Не приходится сомневаться, что эти схождения объясняются наличием определенных интертекстуальных связей: общеизвестно, что рассказ «The Imp of the Perverse» был переведен Бодлером, который к тому же представил его истолкование в своих «Новых заметках об Эдгаре По»; как считается, перевод стал прототекстом «Дурного стекольщика». И хотя «Демон перверсии» не входит в триаду рассказов По, опубликованных Достоевским в журнале «Время», где он, кроме того, попытался определить характер фантастического в поэтике американского писателя, будущий автор романа «Бесы», название которого иногда переводится на французский как «Демоны», отлично знал тексты «Сердце-обличитель» и «Черный кот», содержащие рассуждение о духе перверсии, каковое – можно предположить – и легло в основу некоторых умозаключений человека из подполья:
И вот тогда явился, будто мне на бесповоротную и конечную погибель, дух ПЕРВЕРСИИ. Дух этот философия совершенно не принимает во внимание. Однако, подобно тому как я уверен в существовании собственной души, я могу полагать, что перверсия является одним из первичных импульсов человеческого сердца; одной из изначальных и неделимых способностей или чувствований, задающих направленность характеру человека. Кто не ловил себя сотни раз на поступке глупом или пустом, совершаемом по той только причине, что сам понимал, что не должен этого делать? Разве нет в нас, несмотря на главенство способности суждения, постоянного влечения к тому, чтобы нарушить закон, просто потому, что мы понимаем, что это – закон?[55]

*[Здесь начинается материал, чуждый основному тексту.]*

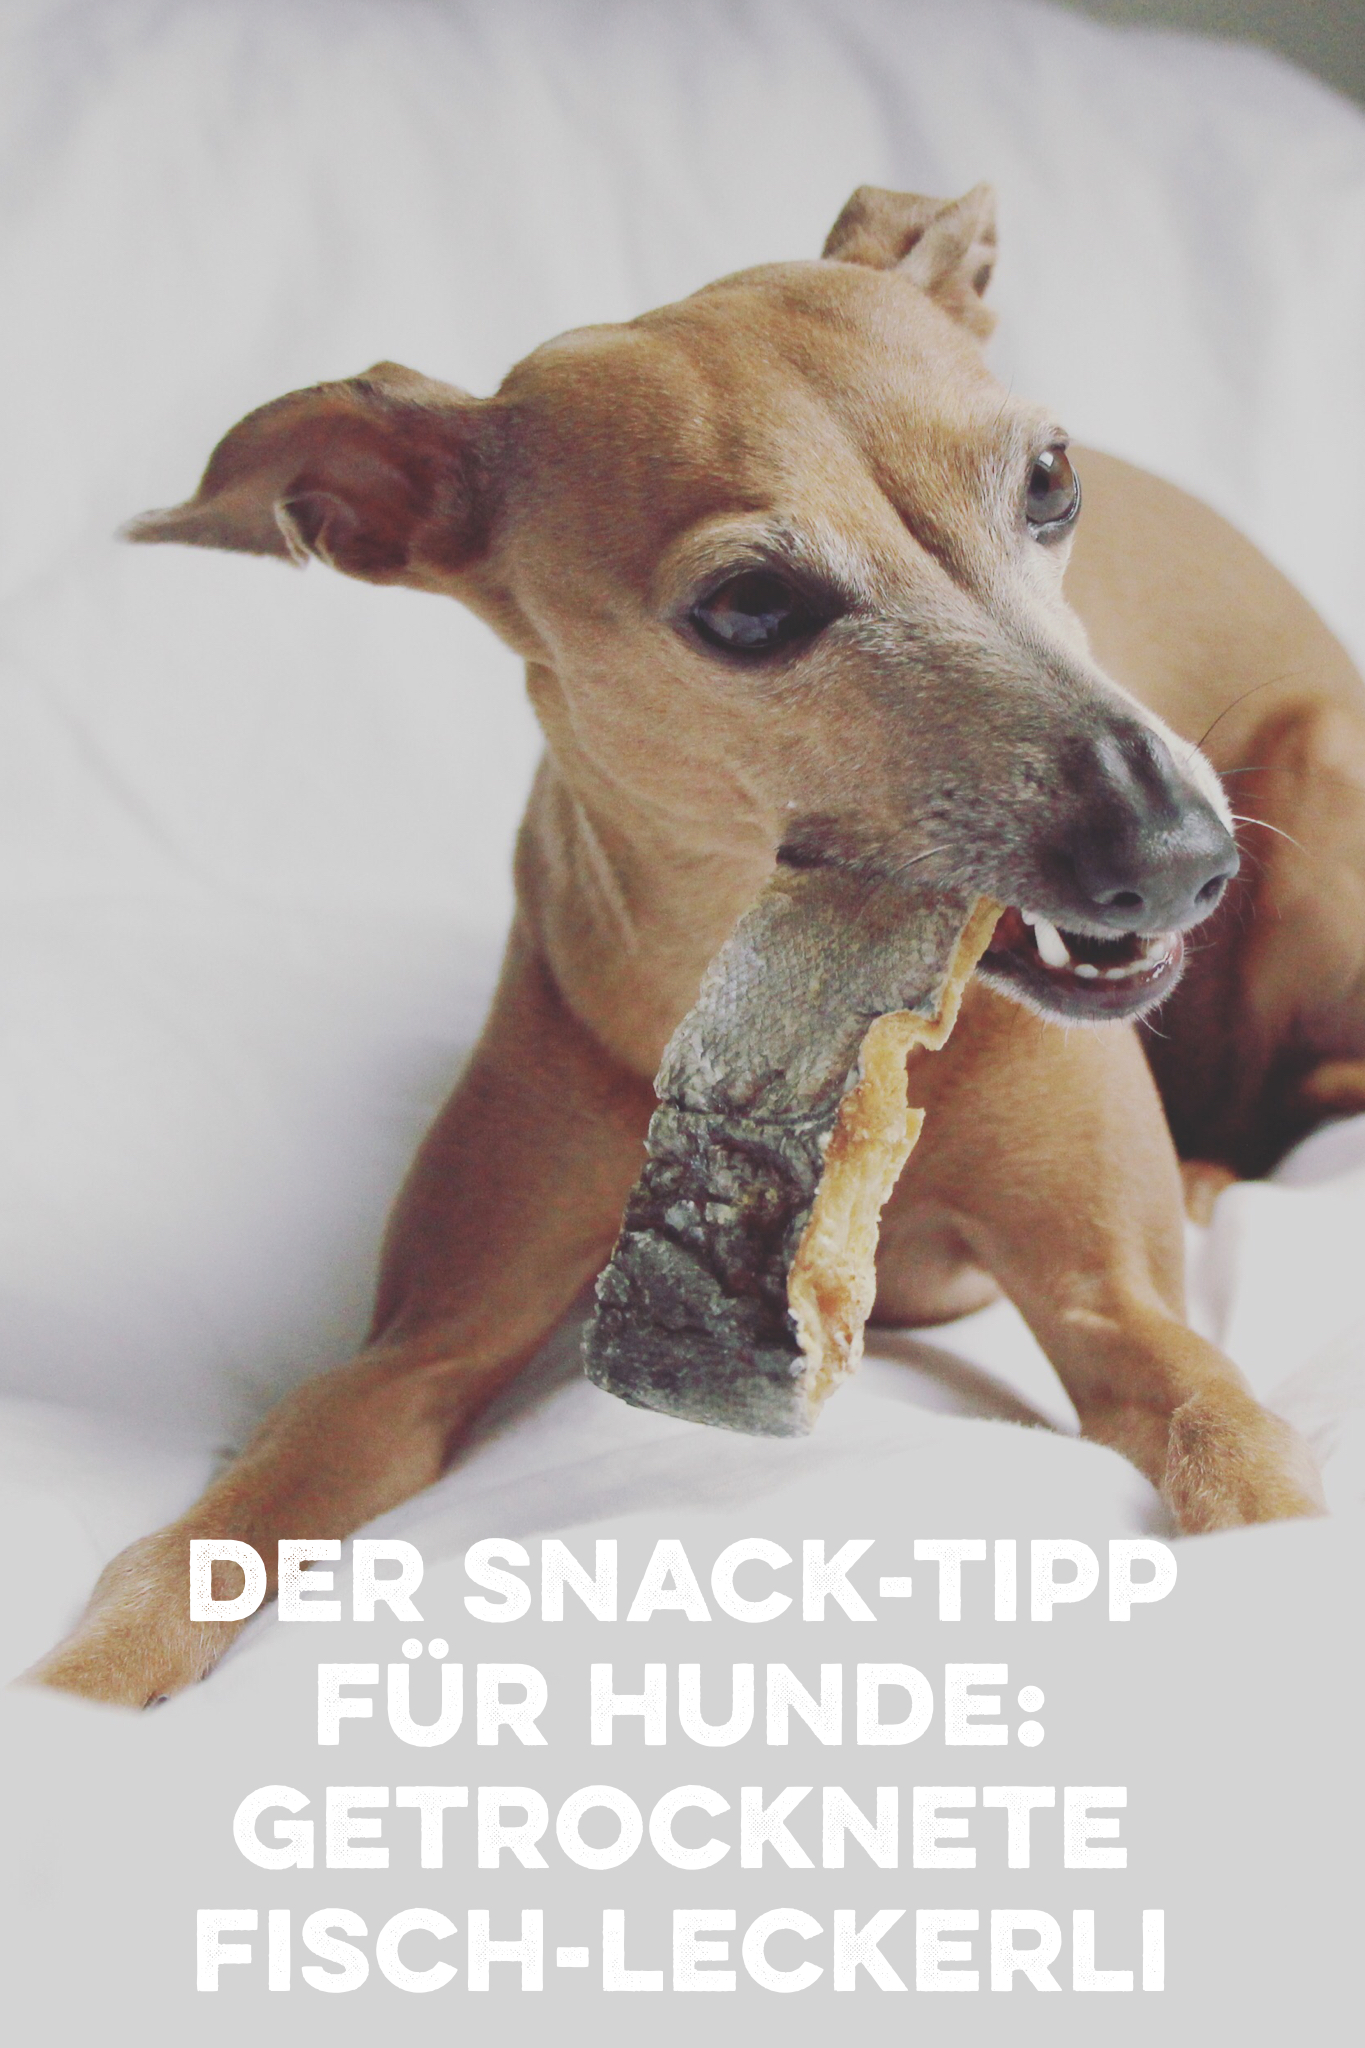 Der gesunde Snack-Tipp für Hunde

От этой общей исходной точки Бодлер и Достоевский идут каждый своим путем, предлагая собственные вариации на темы духа перверсии, соответствующие как внутренним убеждениям, так и творческим задачам писателей. Вместе с тем можно попытаться обнаружить связку текстов на основе предшествующих литературных традиций: противоречивый, непредсказуемый характер человеческого существа является весьма давним литературным топосом, общим местом, восходящим к античной литературе (Гораций и Сенека, Лукреций и Овидий) («Video meliora proboque deteriora sequor»[56]) и подхваченным французскими классическими моралистами. В этом плане можно отметить, что одна мысль Паскаля непосредственно предвосхищает известную метафору фортепьянных клавиш у Достоевского: «Нам кажется, что, касаясь человека, мы касаемся самых обычных фортепьянных клавиш. Эти клавиши касаются истины; но они причудливы, изменчивы, непостоянны…»[57].

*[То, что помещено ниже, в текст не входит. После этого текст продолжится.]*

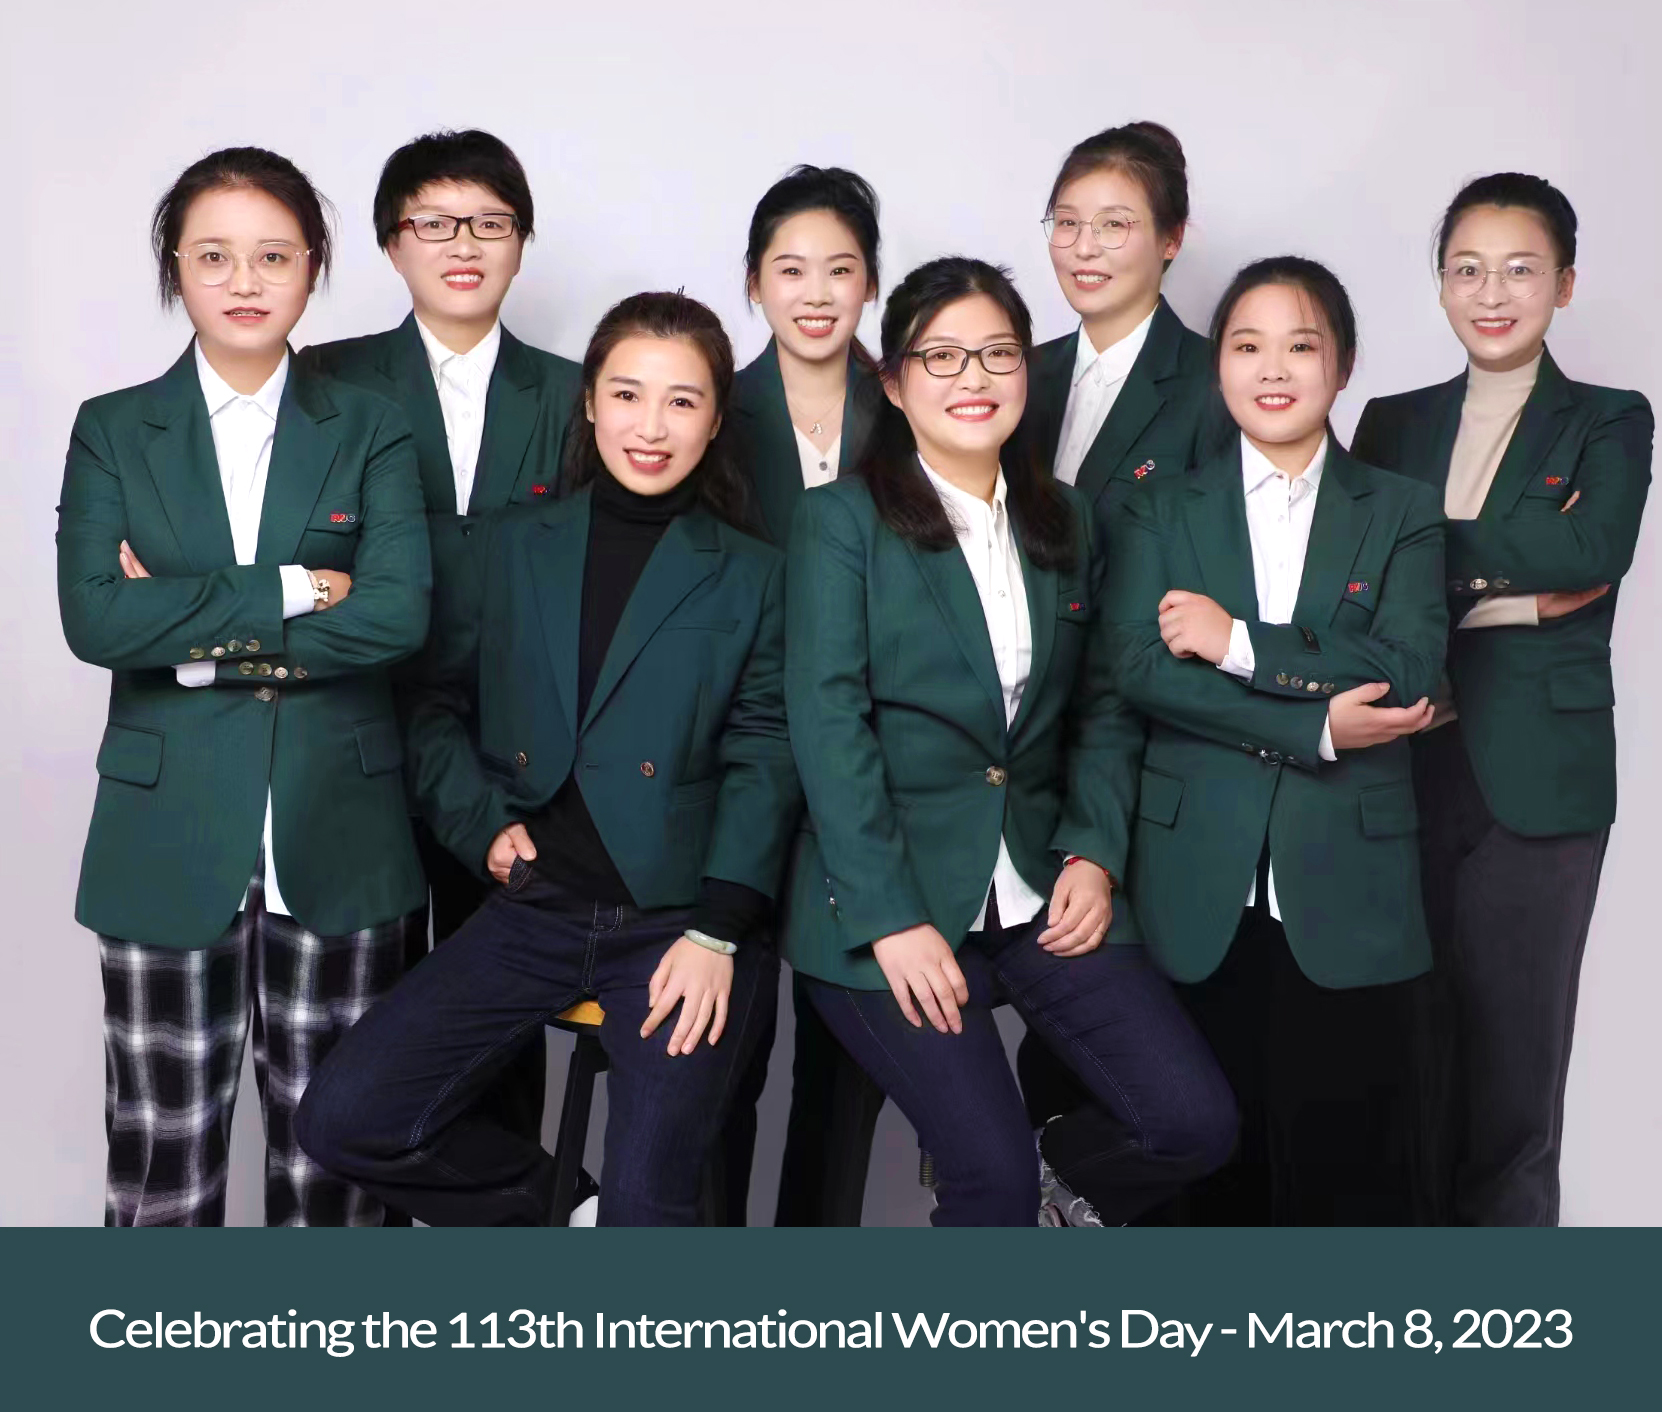 აღვნიშნავთ 113-ე ქალთა საერთაშორისო დღეს - 2023 წლის 8 მარტს

Очевидно, что определение человека через его прихоти сближает нас с темой фантастического. Различие между Причудливым и Чудесным, представленное в известном «ночном этюде» Э.Т.А. Гофмана «Пустой дом», судя по всему внимательно прочитанном нашими писателями, может рассматриваться как один из источников, откуда они черпают некоторые идеи. «Этюд» начинается с рассуждения о присущей отдельным людям способности иметь чудесные видения, существование которых никто не подвергает сомнению. Один из персонажей, Теодор, определяет различие, маленький нюанс между Wunderlich (чудно́е) и Wunderbar (чудесное), представляя своеобразные категории, которые позволяют мыслить феномены, выходящие за рамки обыденного, или обыкновенного:
Неоспоримо, однако же, что чудно́е, по-видимому, из чудесного проистекает, только иногда от нас сокрыто то древо чудесного, от которого простираются видимые нами ветви чудно́го, со всеми своими отпрысками и листьями. В приключении, о котором я вам поведаю, переплелось чудно́е и чудесное, и, сдается мне, в необыкновенно ужасающем виде[58].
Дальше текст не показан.